Wayne's long-time secretary Pat Stacy briefly recalled his aversion to the "Hostiles" script in "Duke, a Love Story: An Intimate Memoir of John Wayne's Last Years." According to Stacy, Wayne was "disgusted," telling her, "This kind of stuff is all they know how to write these days: the sheriff is the heavy, the townspeople a bunch of jerks; someone like me and Eastwood ride into town, know everything, act the big guys, and everyone else is a bunch of idiots."

The Hostiles became a Hallmark movie

In "Larry Cohen: The Stuff of Gods and Monsters," author Michael Doyle explains how, almost 30 years after Wayne sent the screenplay into the abyss, "The Hostiles" was made into TV movie. "The Gambler, the Girl, and the Gunslinger" aired on the Hallmark Channel in 2009 as a pallid Western drama starring Dean Cain in the Eastwood role. It follows Cain's Shea McCall, who after winning half a ranch from James Tupper's BJ Stoker in a card game, teams up with his co-owner to defend the ranch from bandits.

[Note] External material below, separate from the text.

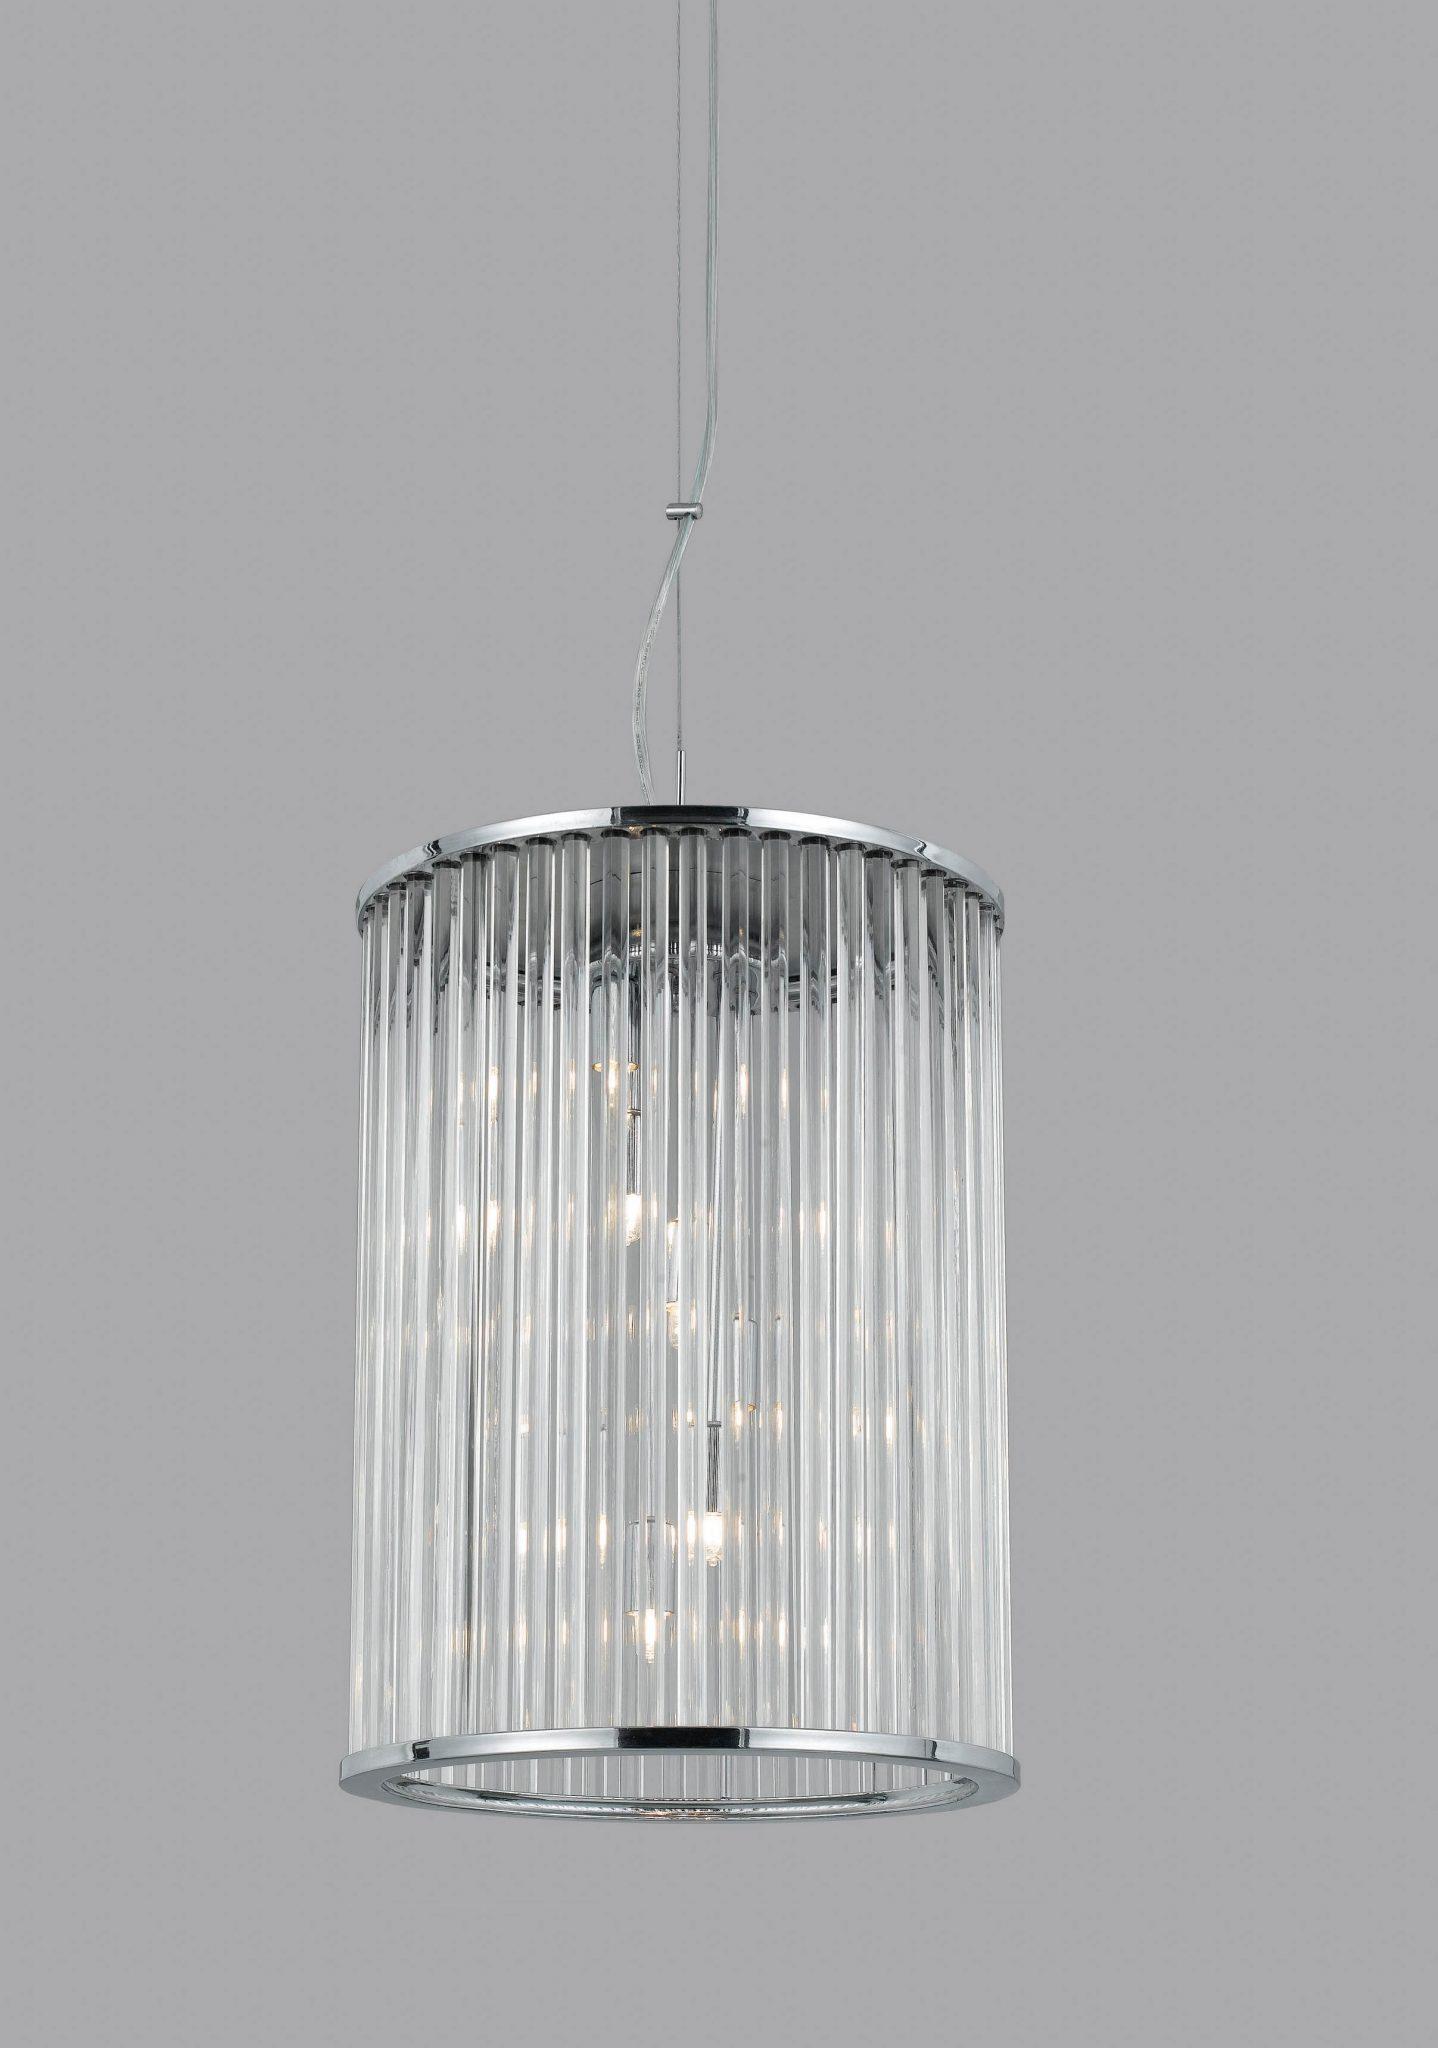 Impex LG012171/06/CH Oklahoma 6 light Lantern, Chrome

It might seem fitting for a Larry Cohen script to evolve into a TV B-movie, but the writer was despondent. In "John Wayne: The Life and Legend," Cohen told Scott Eyman, "Writing a John Wayne picture would have been the highlight of my career. But he did dull f****** pictures like 'Cahill' and 'The Train Robbers' instead of a picture with Clint Eastwood. Can you imagine?" 

Imagining is all we can do. In 1976, Wayne teamed up with a "Happy Days" star to make "The Shootist," his final movie. Though the Duke fought a battle behind the scenes of the film, he did at least appear to reconcile with Eastwood, who was photographed visiting the set. The image, taken three years before the Duke passed away, is bittersweet. It shows the two stars smiling in a way that belies none of their prior hostilities. Wayne, in his Old West wardrobe, stands alongside Eastwood in his regular attire — an oddly fitting representation of the generational divide. But the two seem genuinely at ease, as if they both recognize that their connection somehow spanned that gap and perhaps even remain hopeful of a future collaboration that, sadly, never came.